OMNIvance: an intravenous-administered, beta-lactamase inhibitor (BLI) based product that may provide best-in-class coverage of Acinetobacter species, Enterobacteriaceae, and Pseudomonas aeruginosa, including carbapenem-resistant strains 

ORAvance: an orally-administered BLI combination for the treatment of multi-drug resistant gram-negative infections in outpatient settings, or to allow hospitalized patients to switch from IV to oral therapy 

Next-generation polymyxin: an IV-administered, targeted spectrum synthetic polymyxin with an enhanced therapeutic profile designed to address highly resistant infections caused by Pseudomonas and Acinetobacter  

OMNIvance and ORAvance use Qpex’s novel ultra-broad-spectrum beta-lactamase inhibitor QPX7728 that inhibits both serine and metallo beta-lactamases, and restores the activity of multiple IV and oral beta-lactam antibiotics against drug-resistant gram- negative pathogens.  
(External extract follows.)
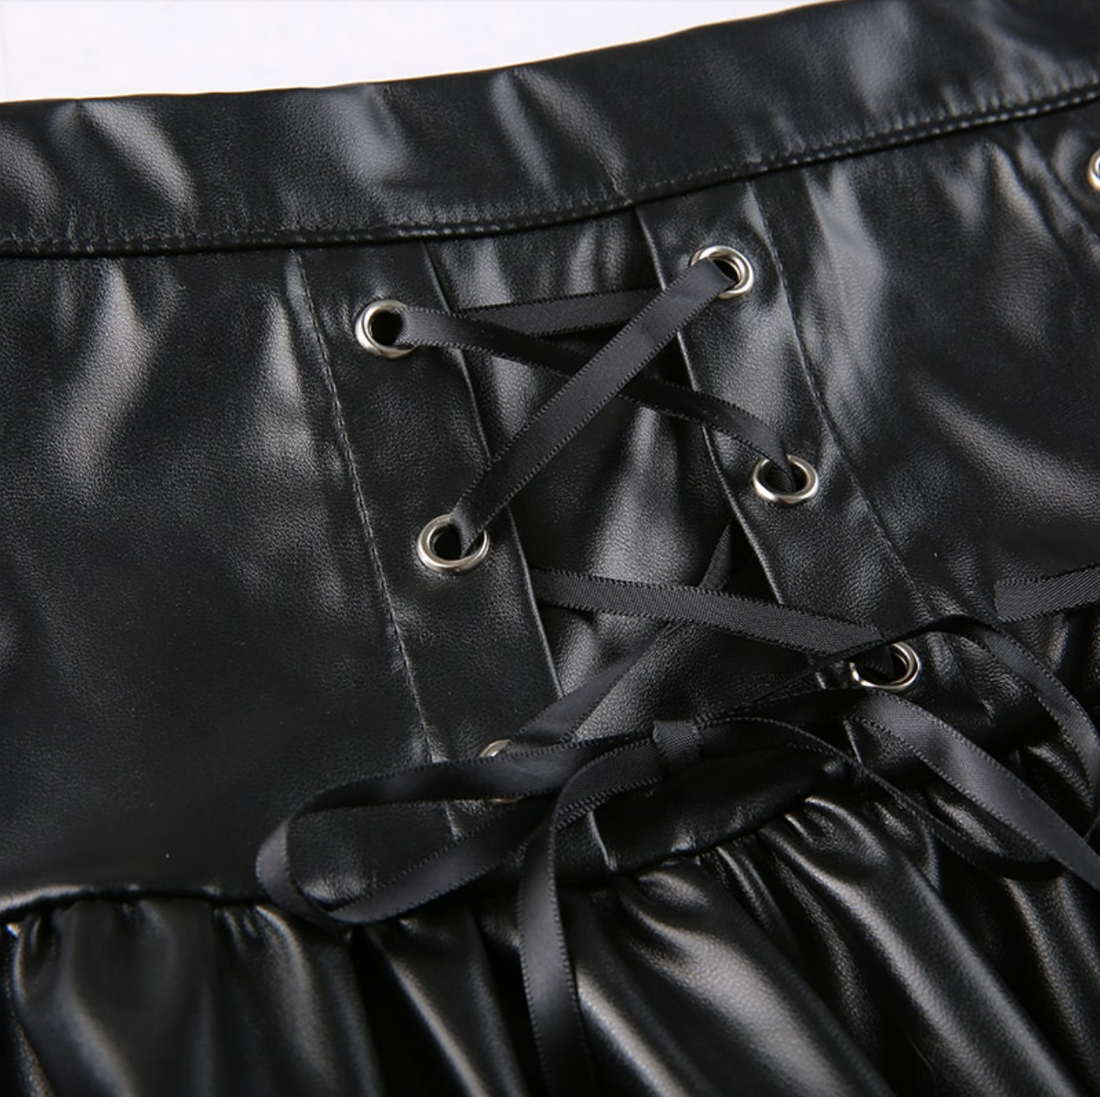 Women's Summer Punk Style PU Leather Lace Up Hight Waist Mini Skirt

“The higher level of antibiotic resistance is a very serious problem in China and the spread of super bugs crossing borders is a recognized global threat,” said Zhi Hong, Ph.D., co-founder and CEO of Brii Bio. “We are delighted to join forces with Qpex to advance its portfolio of medicines that will help address this public health threat and complements our overall infectious disease strategy in China.”  

Under the terms of the agreement, Brii Biosciences will obtain a license to develop, manufacture, and commercialize the portfolio in greater China, which includes Taiwan, Hong Kong, Macau and the People’s Republic of China. Brii Biosciences will make an upfront payment, as well as success-based development, regulatory and commercial milestone payments, and share in the costs of a global development program. Qpex Biopharma will also receive tiered royalties on sales in the Brii Bio territory.  

About Qpex Biopharma  

Qpex Biopharma (www.qpexbio.com) is a San Diego-based biopharmaceutical company with a pipeline of best-in-class agents addressing critical needs for treatment of infectious diseases in the inpatient and outpatient settings. Qpex was launched in 2018 with investments from New Enterprise Associates, Adams Street Partners, LYZZ Capital, Hatteras Venture Partners and Stanford University Draper Fund. The company’s scientists and clinicians have a record of deep expertise in the discovery and development of anti-infective agents, and an extensive record of working with public- private partnerships, including partnerships with the Biomedical Advanced Research and Development Authority (BARDA) that led to the first approved antimicrobial drug product under that program in 2017.